Heat is the fuel of hurricanes, and the North Pacific last summer was the hottest on record, a University of Hawaii climate scientist has calculated.
"This summer has seen the highest global mean sea surface temperatures ever recorded since their systematic measuring started," said Axel Timmermann, a UH oceanography professor, in a statement Thursday. "Temperatures even exceed those of the record-breaking 1998 El Nino year."
Sea surface temperatures have remained fairly stable since 2000, a phenomenon known as the global warming hiatus.
The recent temperature spikes mean that hiatus "has come to an end," said Timmermann, affiliated with the International Pacific Research Center. "The ocean warming has picked up speed again."
Both the global and North Pacific sea surface temperatures were record-breaking, even without an El Nino, he said.
"The main contributor to this recent warming is the North Pacific, which has warmed up far beyond any recorded value, shifting hurricane tracks, weakening trade winds and causing coral bleaching in the Hawaiian Islands," Timmermann said in a report. "An initial extratropical sea surface temperature anomaly already developed in January 2014. A few months later, in April and May 2014, a massive wind-triggered equatorial sloshing of warm water from the western to the eastern tropical Pacific and the subsequent spreading of this water along the North American coast, released large amounts of energy to the surface that had been locked up in the western tropical Pacific for almost a decade. Additional warming contributions came from record-breaking greenhouse gas concentrations and an unusual weakening of the North Pacific summer trade winds, which reduced the evaporative cooling of the oceans."

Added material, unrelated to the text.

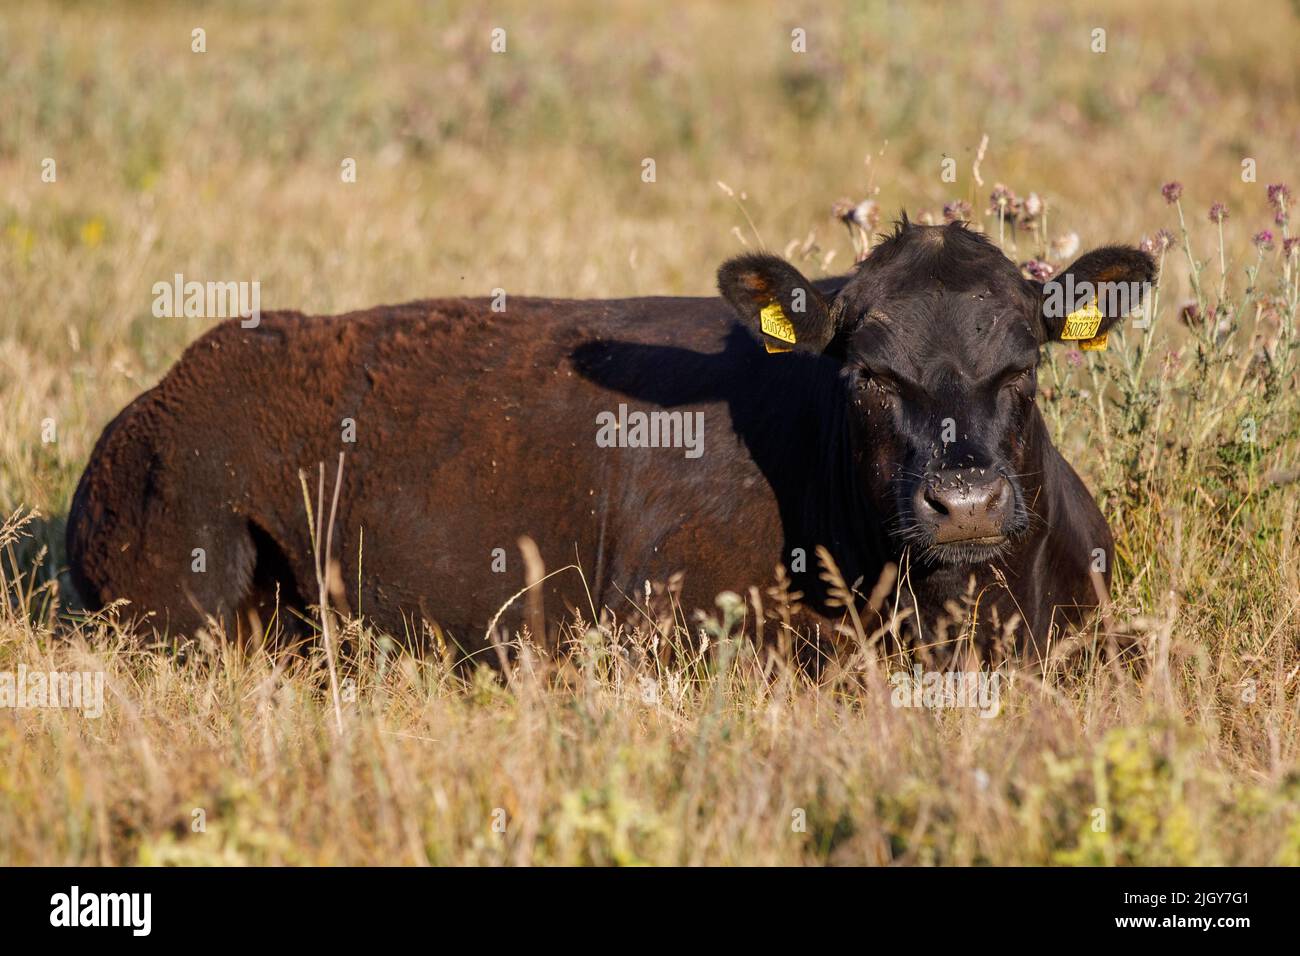 A bull lies in the grass staring at the viewer with many flies buzzing around his nose and eyes. Summertime, dry grass, bright sunlight. Stock Photo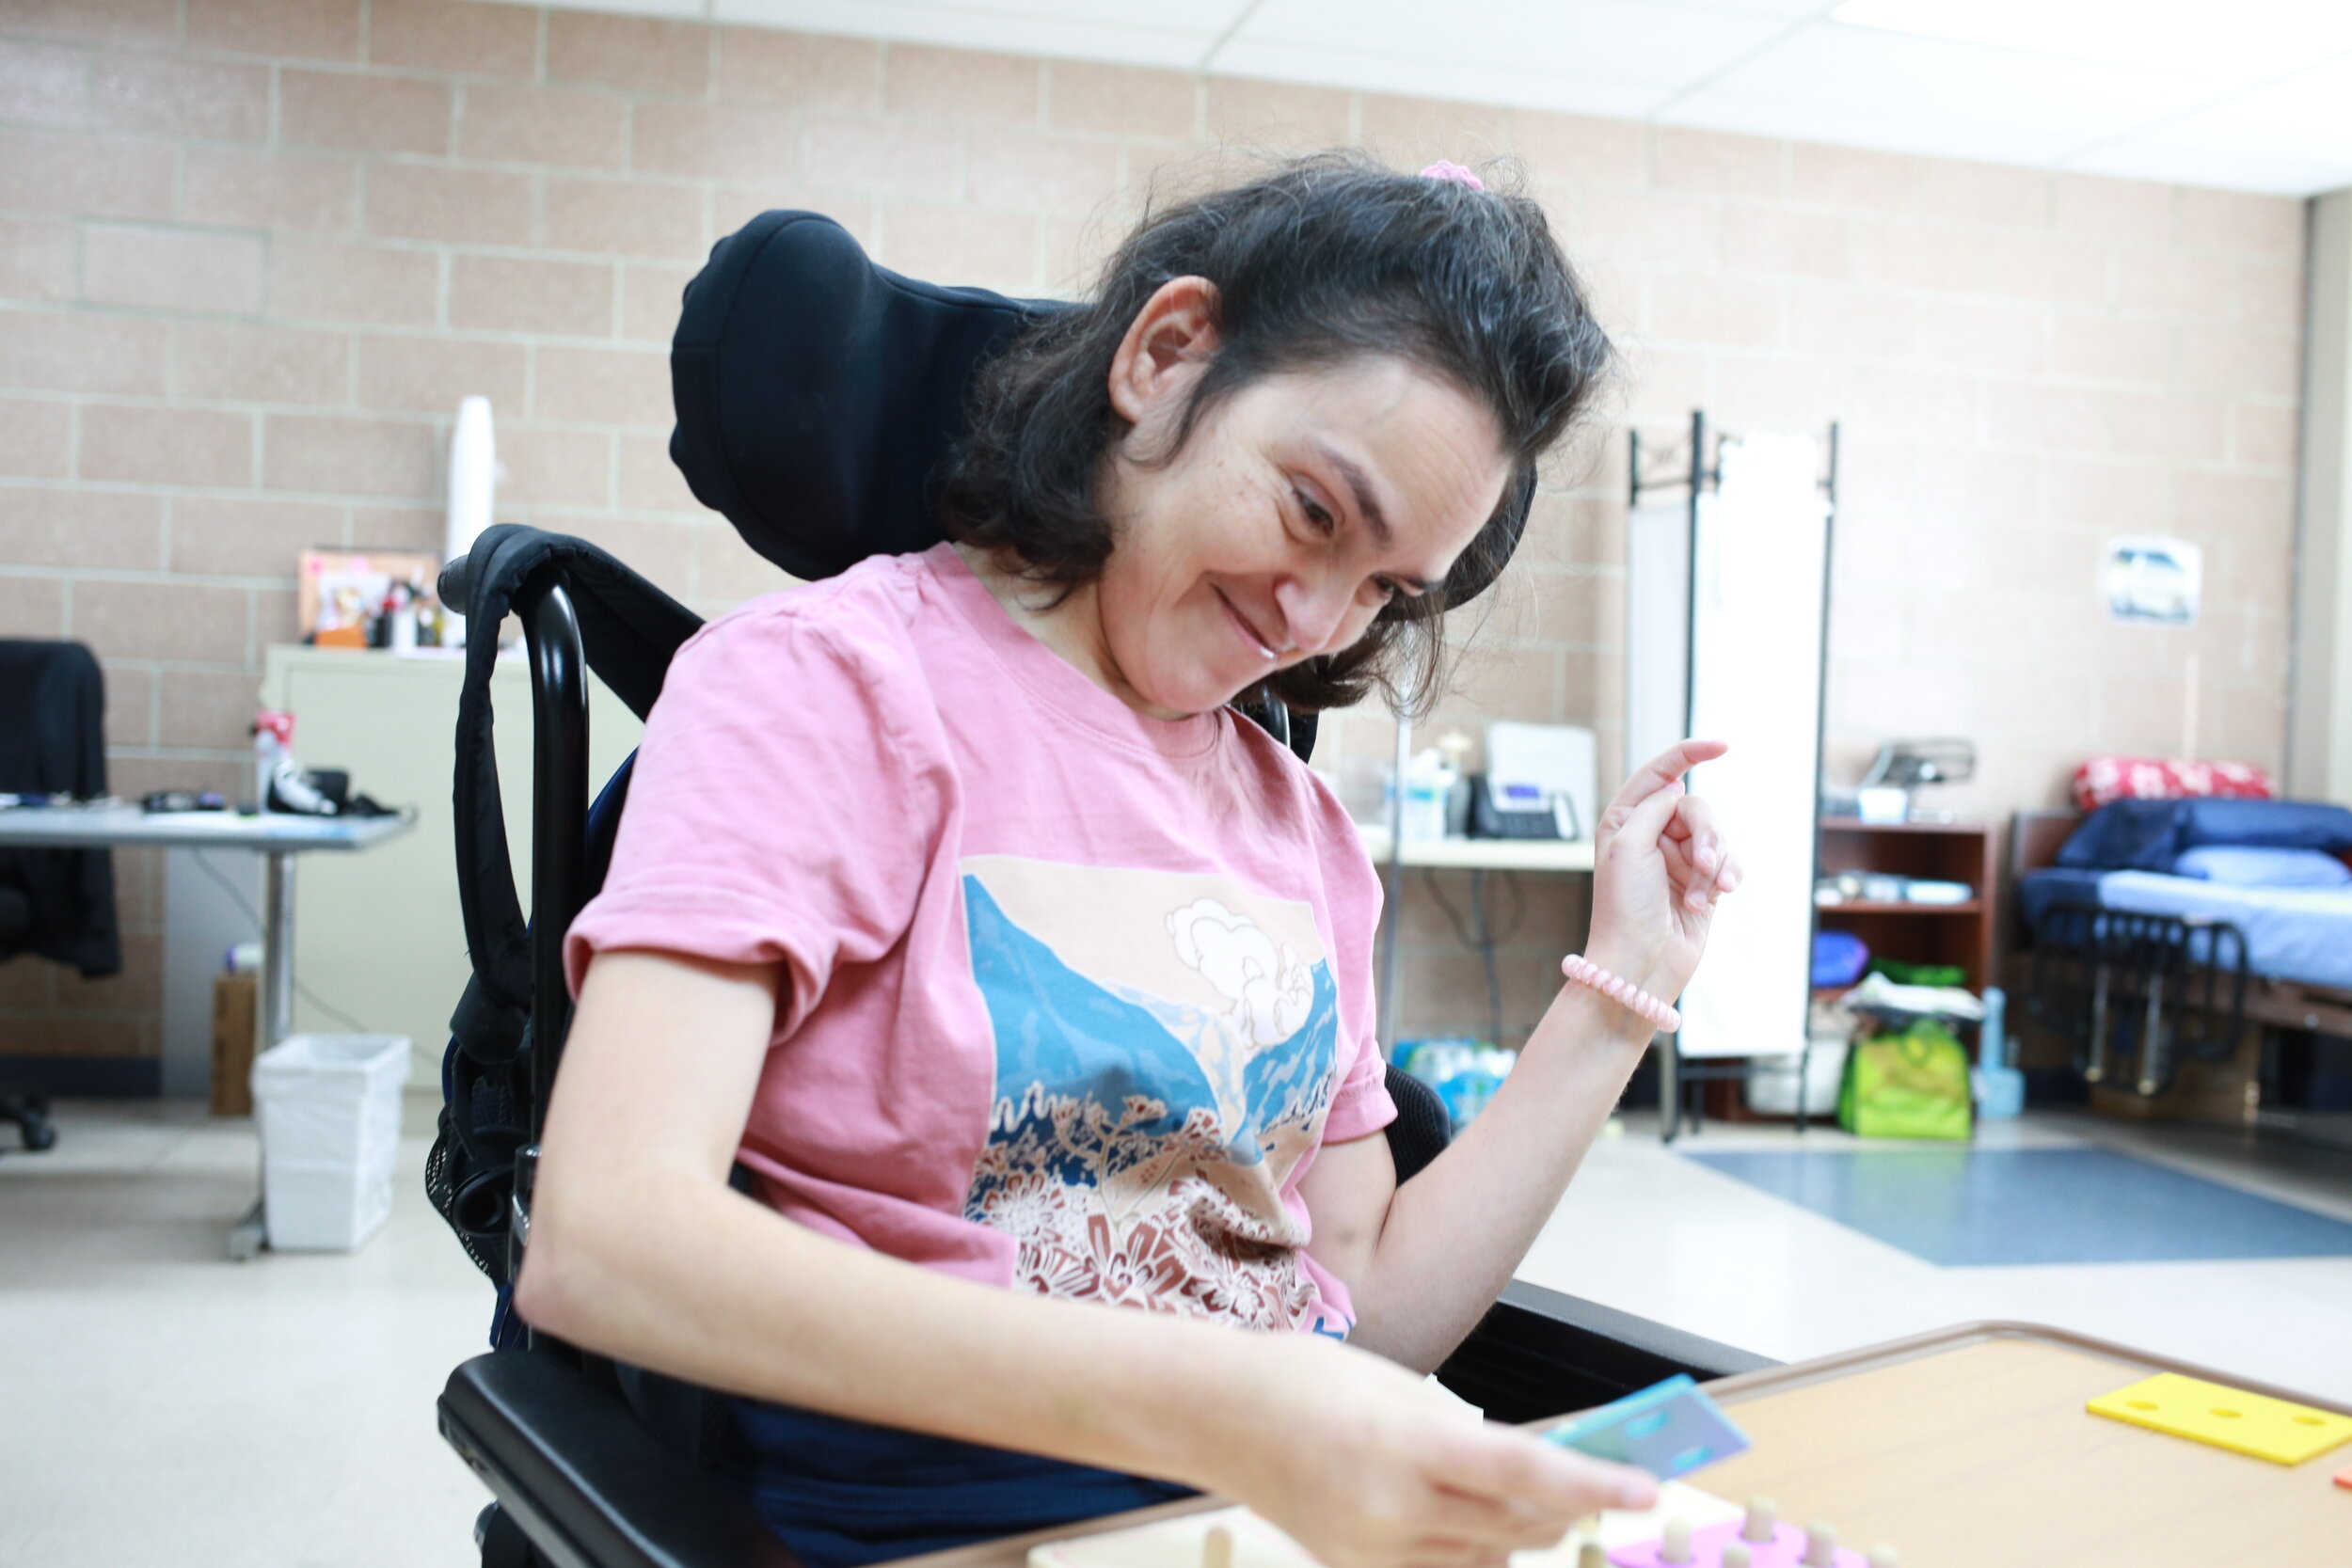 Ability Connection began in 1953 as United Cerebral Palsy Association (UCP) of Dallas. As the organization evolved to serve a broader array of people with developmental disabilities in North Texas, the name was changed to Ability Connection in 2011.…

In July, ocean surfaces were nearly 1 degree Fahrenheit (0.55 Celsius) above the average since 1890, topping the previous record of 0.9 F in 1998, Timmermann said. In the North Pacific the temperatures were 1.44 degrees Fahrenheit above average, or 0.45 degree warmer than the 1998 peak.
"It’s a remarkable situation, and I’ve never seen warming of the North Pacific like that," Timmermann told New Scientist magazine.